Claire Giordano, senior director for Emerging Storage Markets at Quantum, says storage infrastructure can make difference in scientific research.
Access Made Easy
Reanalyze, Replicate, Reproduce
Easy to Grow and Scale
Cost-Effective Resource Allocation
Interoperable & Integrated
- ACCESS MADE EASY
Storage isn’t about storing bits on a disk—the objective of a storage solution is to ensure that people have access to the information they need, when they need it, how they need it.
Most researchers need shared access, self-service access, and for some things, high-speed access.
Shared access enables more efficient workflows when individuals and teams are collaborating. And yet, not all storage solutions optimize for sharing. Some storage solutions optimize for the high IOPs speed of the local storage at the expense of sharing. An inability to share data across systems and between users can lead to inefficient, serialized workflows, where data has to first be moved from local storage to some other repository to enable other teams to work on it. Not good!
Self-service access means that scientists don’t have to wait. Most researchers do not want to have to file an IT ticket to request archived data—and then wait a few hours (or a few days) to get it back. When data has been archived for long-term storage on different infrastructure, it’s ideal if researchers can still access the files they need themselves, from the location where they expect to find the data, without the intermediation and delays of having to file an IT ticket.
High-speed access matters to data-intensive applications and workloads, particularly in high performance computing. And storage that delivers the speeds required by applications and HPC clusters—while also letting customers spread data across multiple tiers, so they’re not forced to put all of their data on expensive disk—well, that is yet another way that storage infrastructure can help research teams today.
- REANALYZE, REPLICATE, REPRODUCE
When I talk to customers in other industries, such as media and entertainment, I sometimes refer to this requirement as “Reuse, Repurpose, and Remonetize.” In the M&E world, video that was first shot years ago may be reused and repurposed as part of a new movie, documentary, or television show. Sometimes old sports video from decades ago can be remastered and remonetized in a new form.
Content producers recognize the value of remixing older content with new video—and that it’s important to archive content effectively. Because “your archive is only as valuable as your ability to retrieve it quickly.”
In the scientific world, of course, people’s goals and objectives are different. Their focus is on curing cancer, rather than entertaining customers. But that only means the requirement to reference older, archived data is perhaps even more critical.
Sometimes research projects last for years. Before publishing a genomics paper, for example, researchers might need to reanalyze some of the original raw sequencing results using newer bioinformatics techniques, in order to augment the original analysis.
- EASY TO GROW AND SCALE
The need to reanalyze older data leads to another key storage attribute in the realm of scientific research. Teams need to be able to scale—and to scale big. It’s not uncommon for our customers to have 15PB (yes, petabytes) of data today and to know that it will grow to, say, 25 or 30PB in the next several years.
So a storage solution that makes it easy to grow a file system on the fly, without downtime, without stopping people from doing their jobs—well, that can be useful.
And a storage solution that enables organizations to scale capacity with different types of storage, so they can balance the tradeoffs between cost and risk—well that is another way that storage infrastructure can make it easy to grow and scale.
And there’s more. A storage solution that makes it easy to archive on ingest, to create near-immediate copies of data without any backup headaches—well that too becomes incredibly useful, especially as the size of the dataset gets to a point where backup simply isn’t an option.

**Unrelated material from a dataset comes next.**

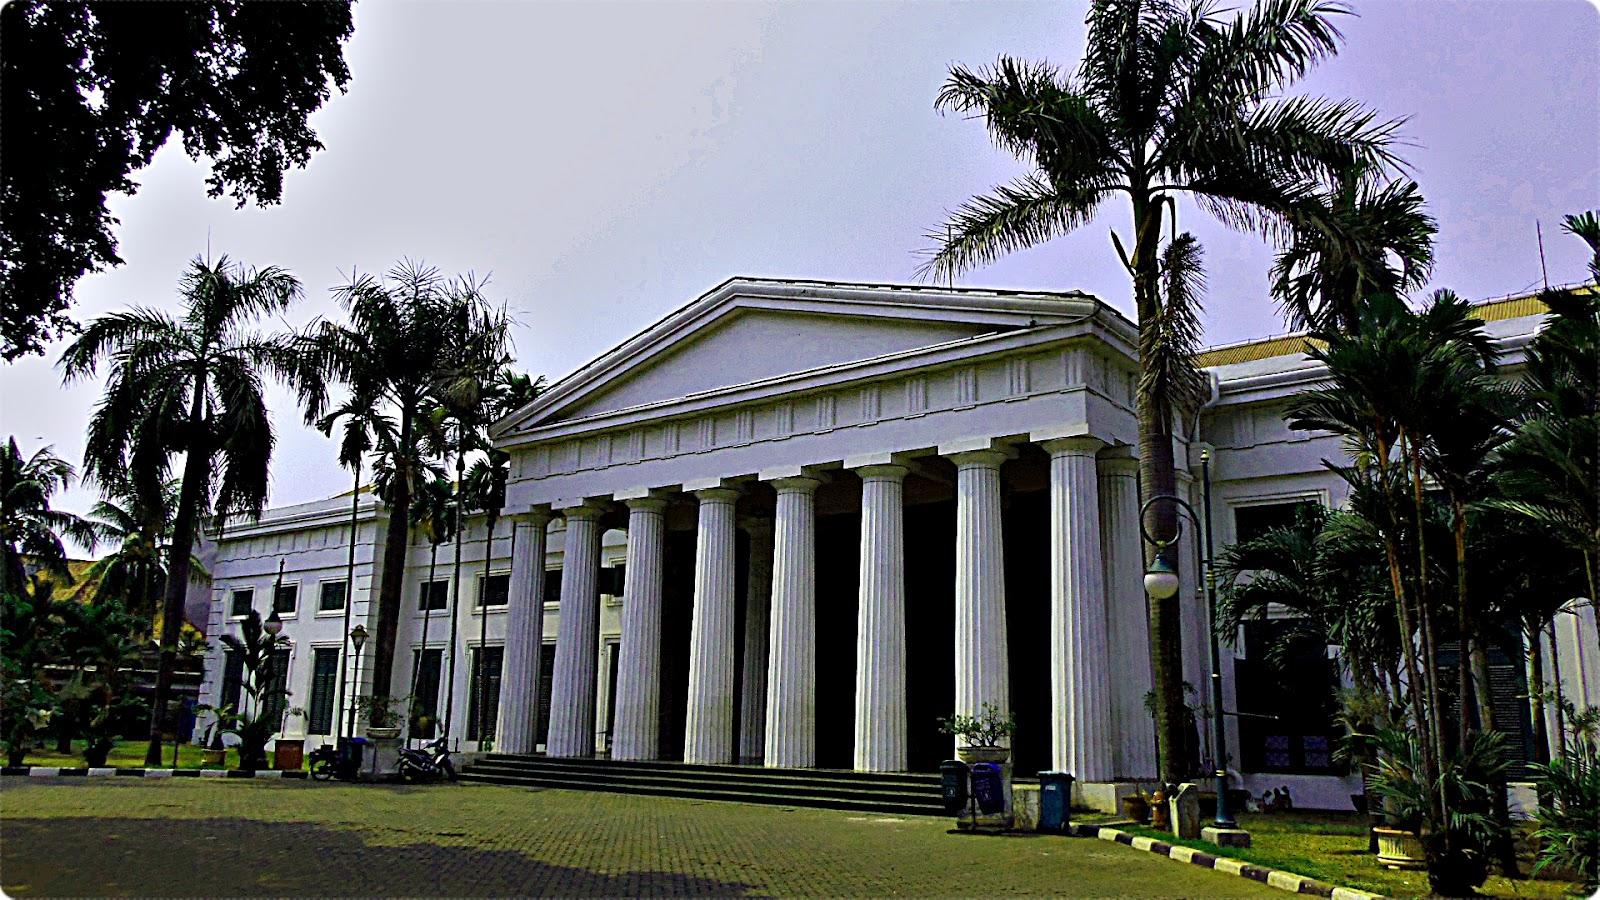 Saka Pariwisata Jakarta Barat Wisata Museum Seni Rupa Keramik Musium

Of course, the need to grow and scale isn’t always about capacity. Many institutes and departments are securing more grants and increasing the number of projects they need to manage. Which drives up performance requirements, and increases the number of users who need access to the data repository.

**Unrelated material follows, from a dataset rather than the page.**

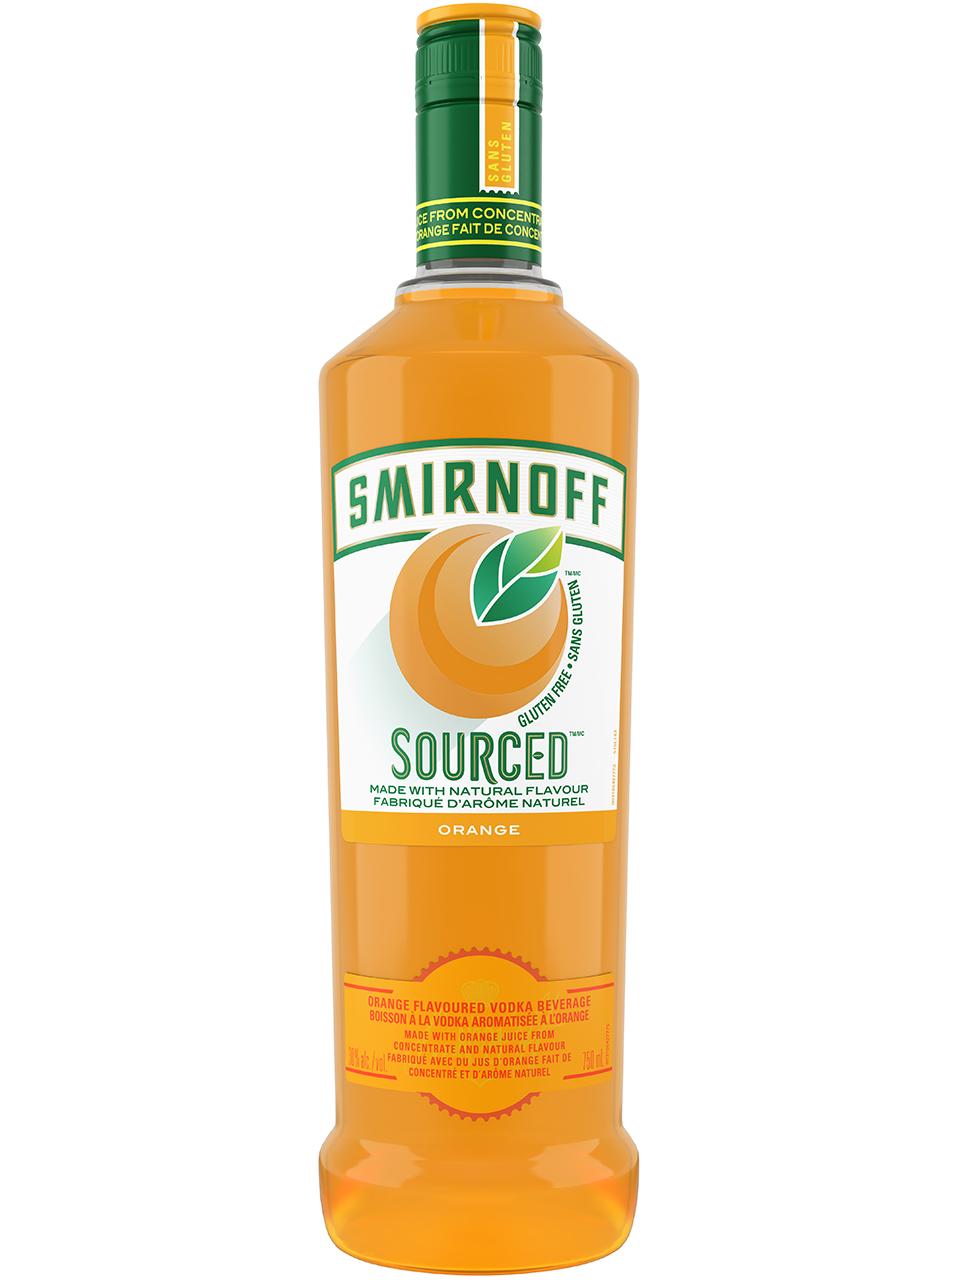 Smirnoff Sourced Orange Vodka

So yet another way storage infrastructure can support scientific workflows is to make it easy to scale—to scale capacity, to scale users, and to scale performance.
- COST-EFFECTIVE RESOURCE ALLOCATION
Everyone has to live within some kind of budget, right?
In the world of science, grant money and charitable gifts create opportunity and also create limitations. So even in the noble disciplines of science, bills have to be paid and tradeoffs must be made.
Storage infrastructure that provides the ability to combine different types of storage such as flash, disk, object storage, tape, and cloud—each with different cost attributes—can give organizations the flexibility to deploy the type of storage that best balances their needs for performance, scale, access, and budget.
- INTEROPERABLE & INTEGRATED
Finally, rip and replace doesn’t work in environments where resources need to be allocated wisely.
So a storage solution that avoids rip and replace can make a big difference. Research teams can benefit from storage that integrates easily into existing infrastructure and with existing applications.
Claire Giordano is senior director for Emerging Storage Markets at Quantum, focused on demanding big data use cases, including life sciences, geospatial, and scientific research.